Top of Information supplied
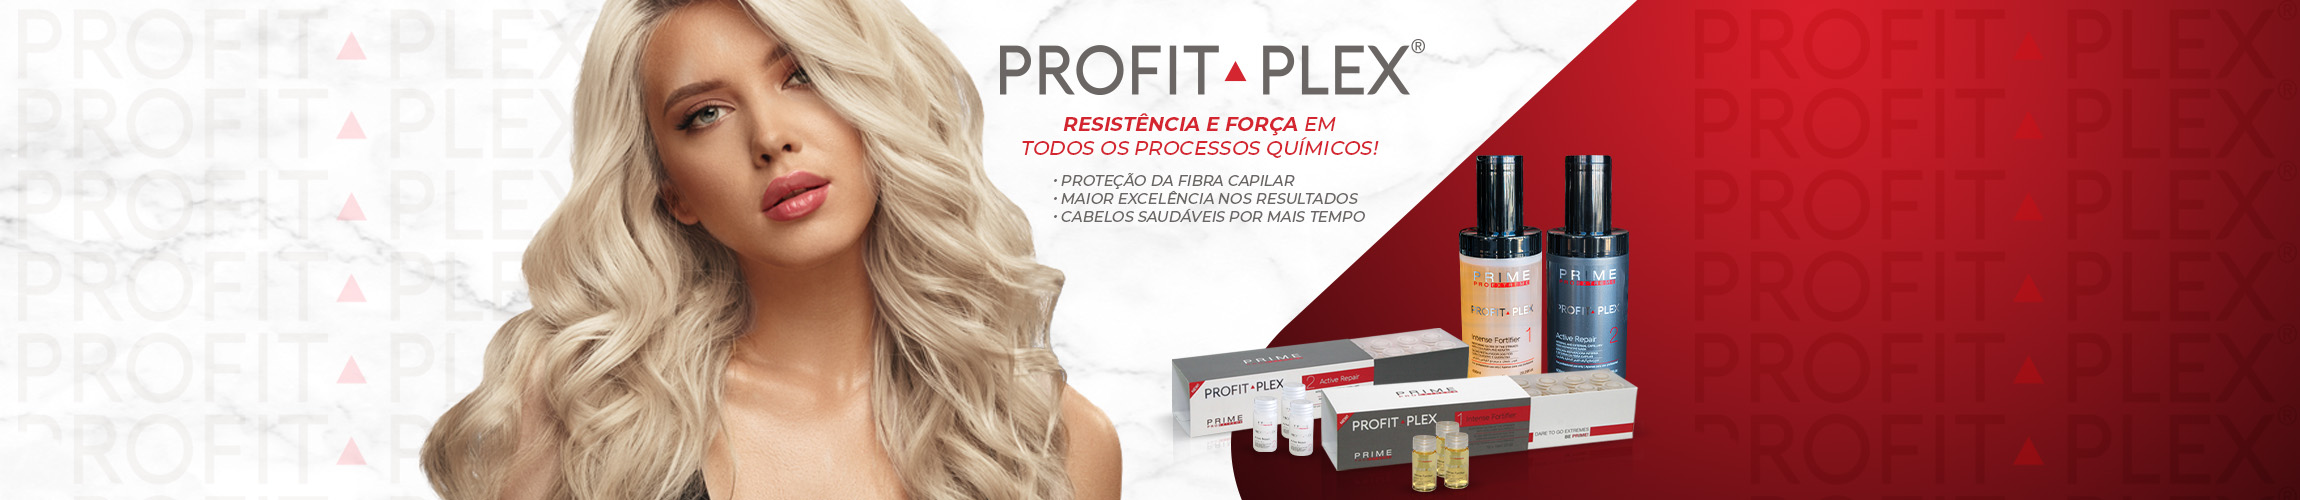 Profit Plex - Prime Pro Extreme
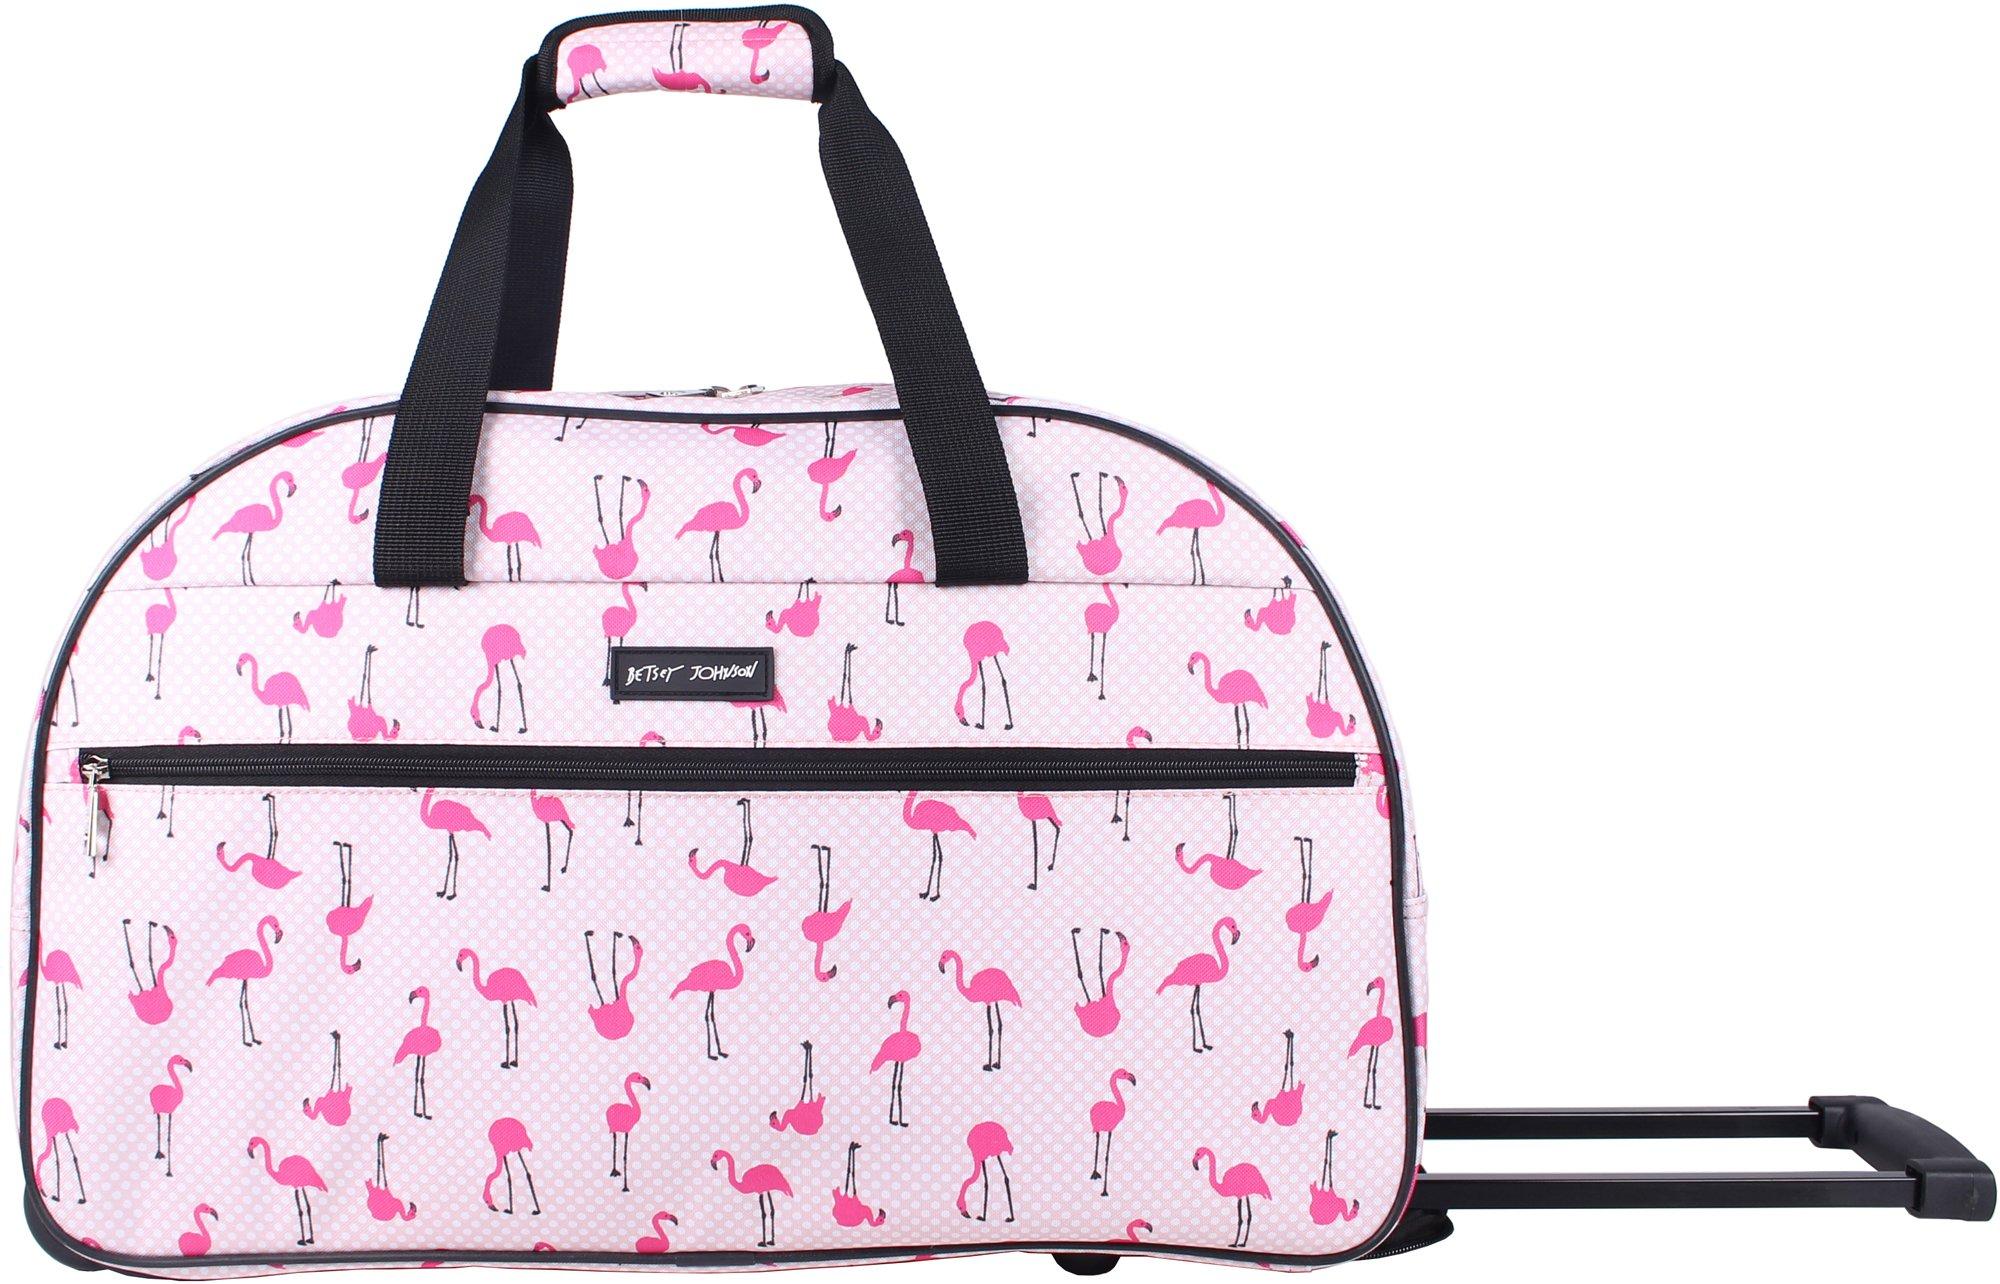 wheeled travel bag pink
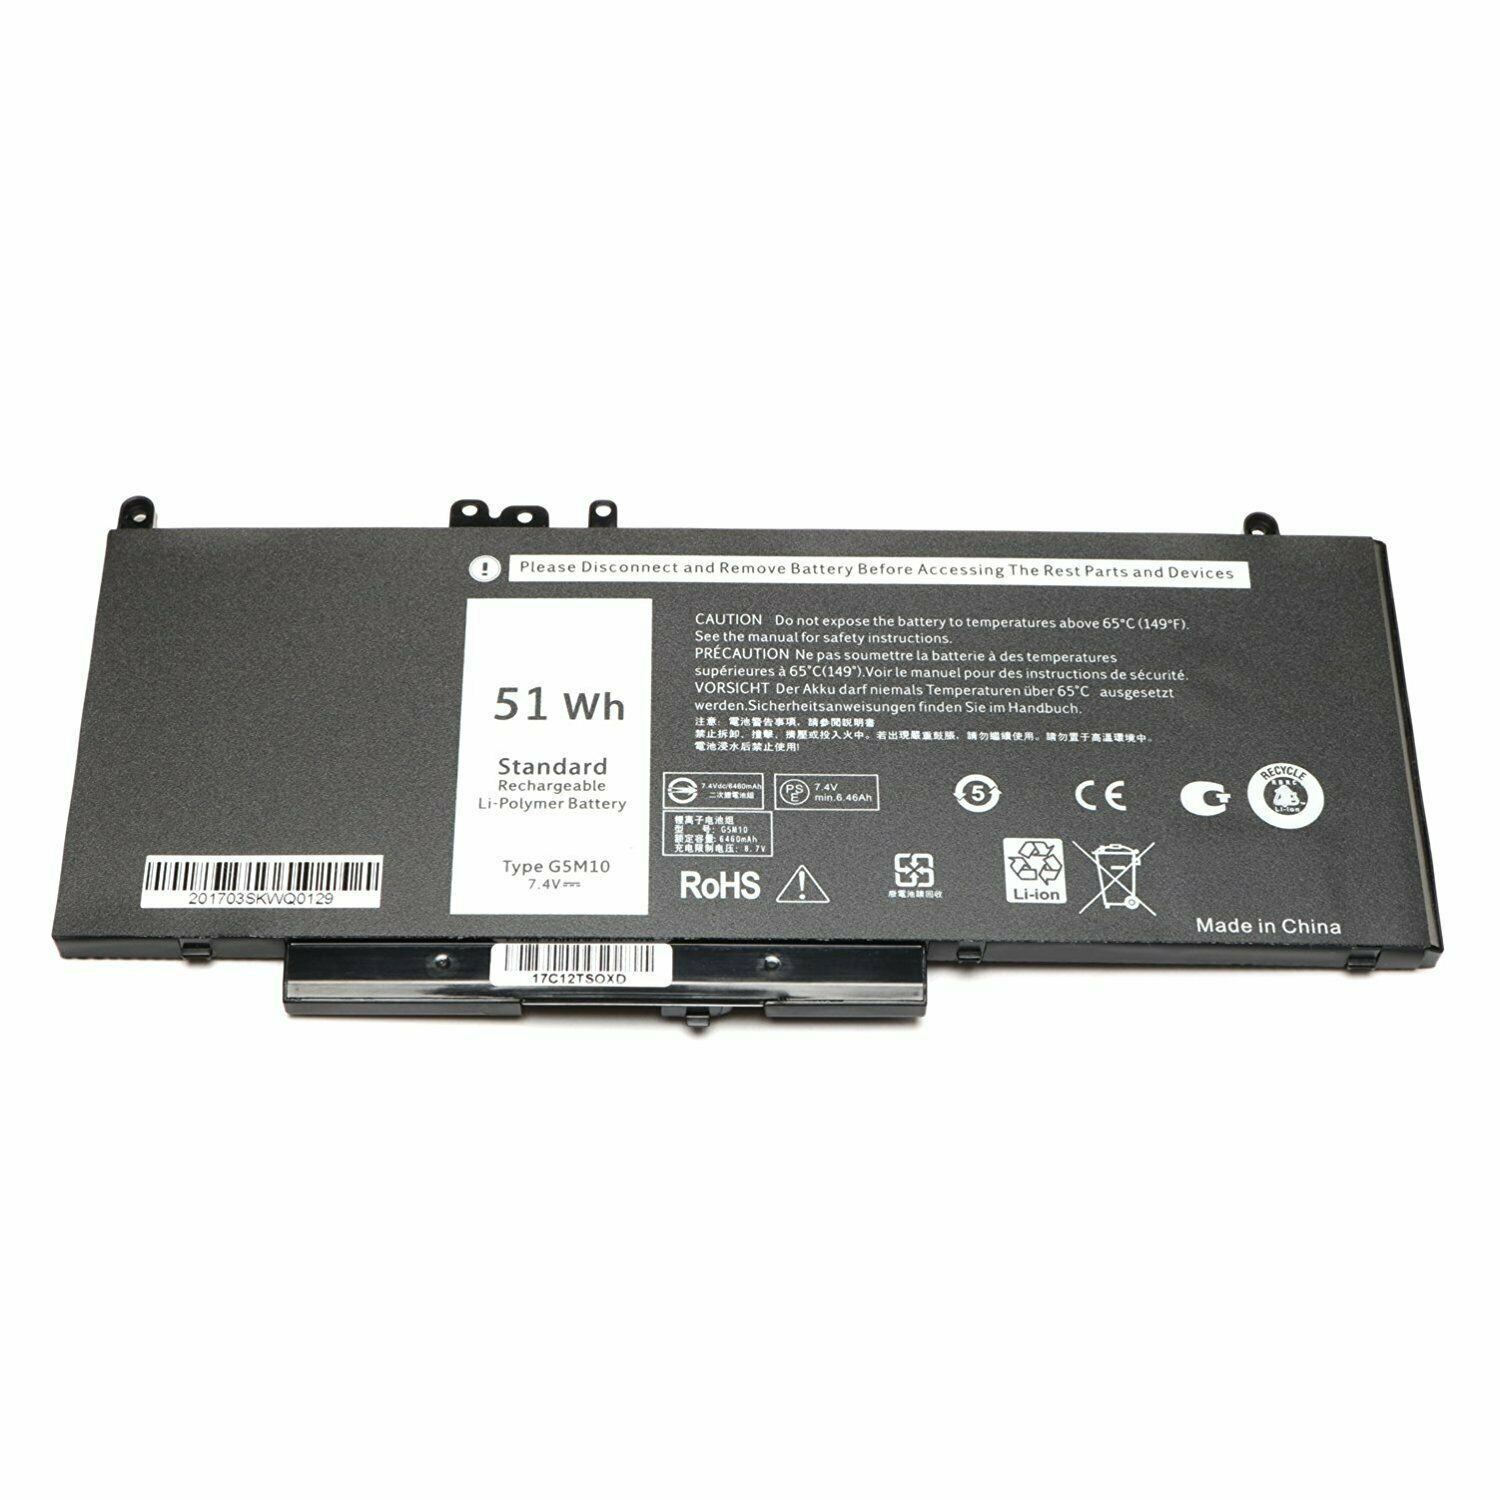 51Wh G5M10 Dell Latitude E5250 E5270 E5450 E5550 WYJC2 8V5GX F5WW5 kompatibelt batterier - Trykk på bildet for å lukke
Bottom of Information supplied
▶ [Work to complete]
After locating the line that contains "wheeled travel bag pink", output it and all later lines through the end of the material exactly, leaving out pictures.

▶ [The completed task]
 wheeled travel bag pink
 51Wh G5M10 Dell Latitude E5250 E5270 E5450 E5550 WYJC2 8V5GX F5WW5 kompatibelt batterier - Trykk på bildet for å lukke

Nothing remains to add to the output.